Switzerland has developed an open set of models, Apertus | Swiss AI, that is trained on a documented training set, “developed with due consideration to Swiss data protection laws, Swiss copyright laws, and the transparency obligations under the EU AI Act.”
EPFL, ETH Zurich, and the Swiss National Supercomputing Centre (CSCS) has released Apertus, Switzerland’s first large-scale open, multilingual language model — a milestone in generative AI for transparency and diversity. Trained on 15 trillion tokens across more than 1,000 languages – 40% of the data is non-English – Apertus includes many languages that have so far been underrepresented in LLMs, such as Swiss German, Romansh, and many others. Apertus serves as a building block for developers and organizations for future applications such as chatbots, translation systems, or educational tools.
This project should interest us in Canada as we are talking Sovereign AI. Should Canada develop its own open models? What advantages would that provide? Here are some I can think of:
- It could provide an open and well maintained set of LLMs that researchers and companies could build on or use without fear that access could be changed/pulled or data logged about usage.
- It could be designed to be privacy protecting and to encourage adherence to relevant and changing Canadian laws and best practices.
- It could be trained on an open and well documented bilingual data that would reflect Canadian history, culture, and values.

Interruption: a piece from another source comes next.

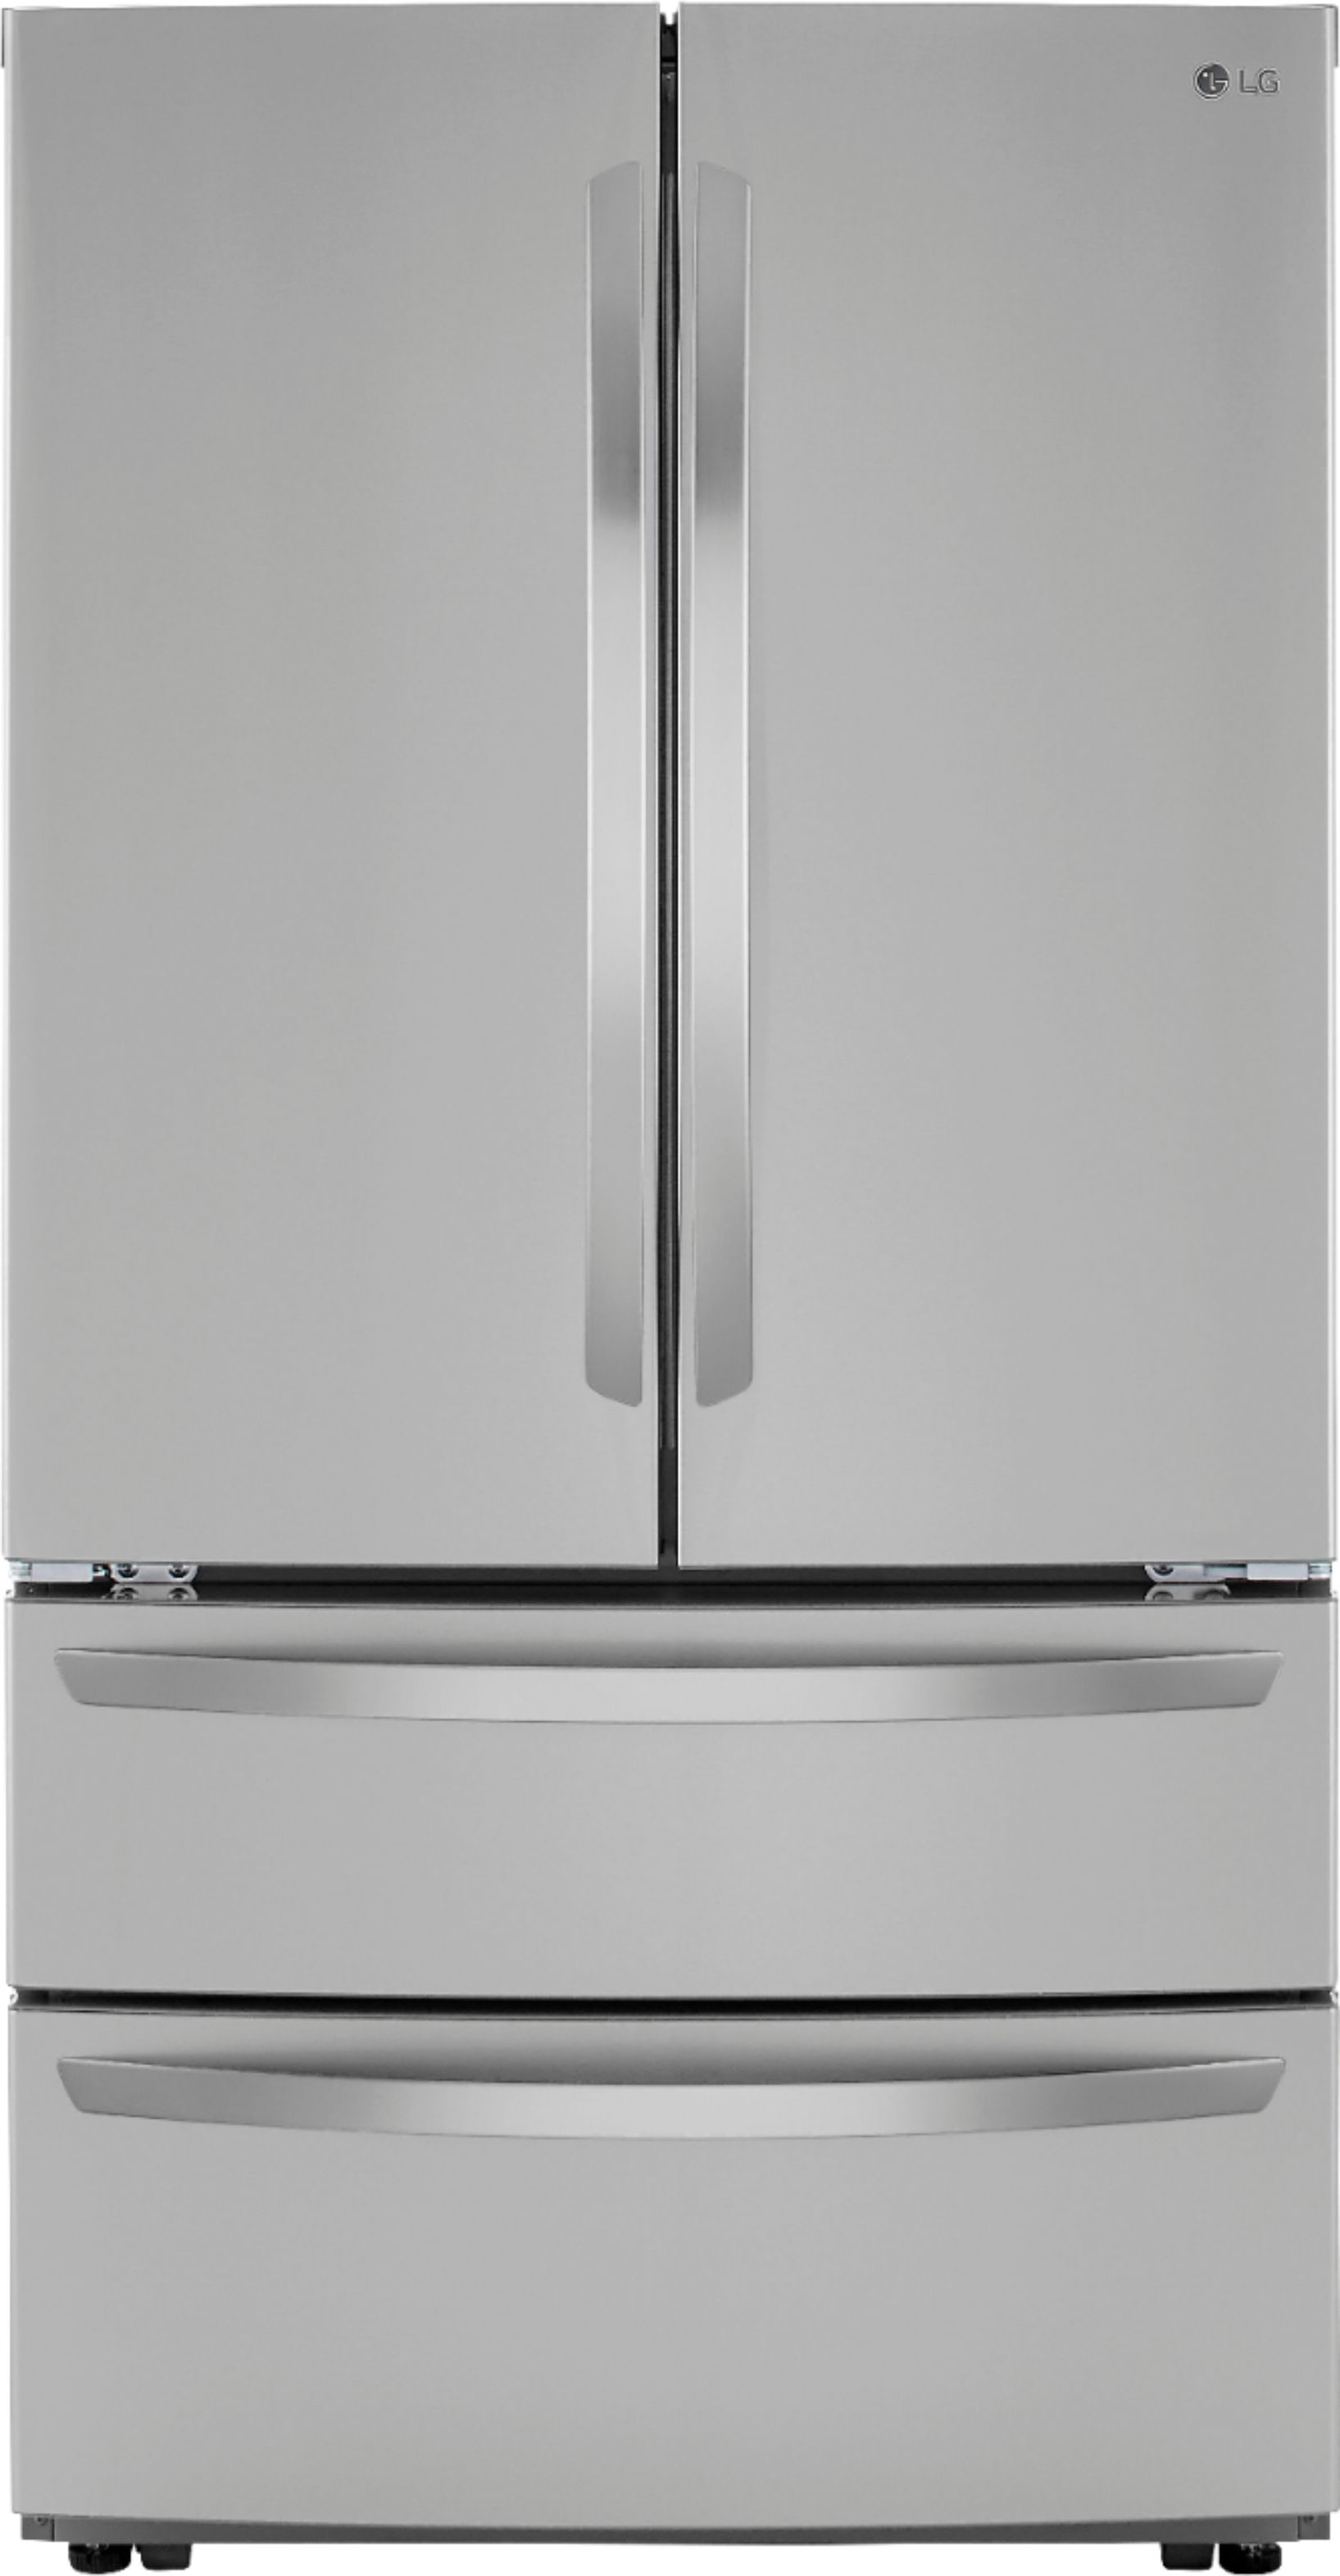 Desobediencia Extranjero emparedado LG 22.7 Cu. Ft. 4-Door French Door Counter-Depth Refrigerator with Double  Freezer and Internal Water Dispenser Stainless steel LMWC23626S - Best Buy

- It could be iteratively retrained as issues like bias is demonstrated to be tied to part of the training data. It could also be retrained for new capacities as needed by Canadians.
- It could include ethically accessed Indigenous training sets developed in consultation with indigenous communities. Further, it could be made available to indigenous scholars and communities with support for the development of culturally appropriate AI tools.
- We could archive code, data, weights, documentation in such a way that Canadians could check, test, and reproduce the work.
I wonder if we could partner with Switzerland to build on their model or other countries with similar values to produce a joint model?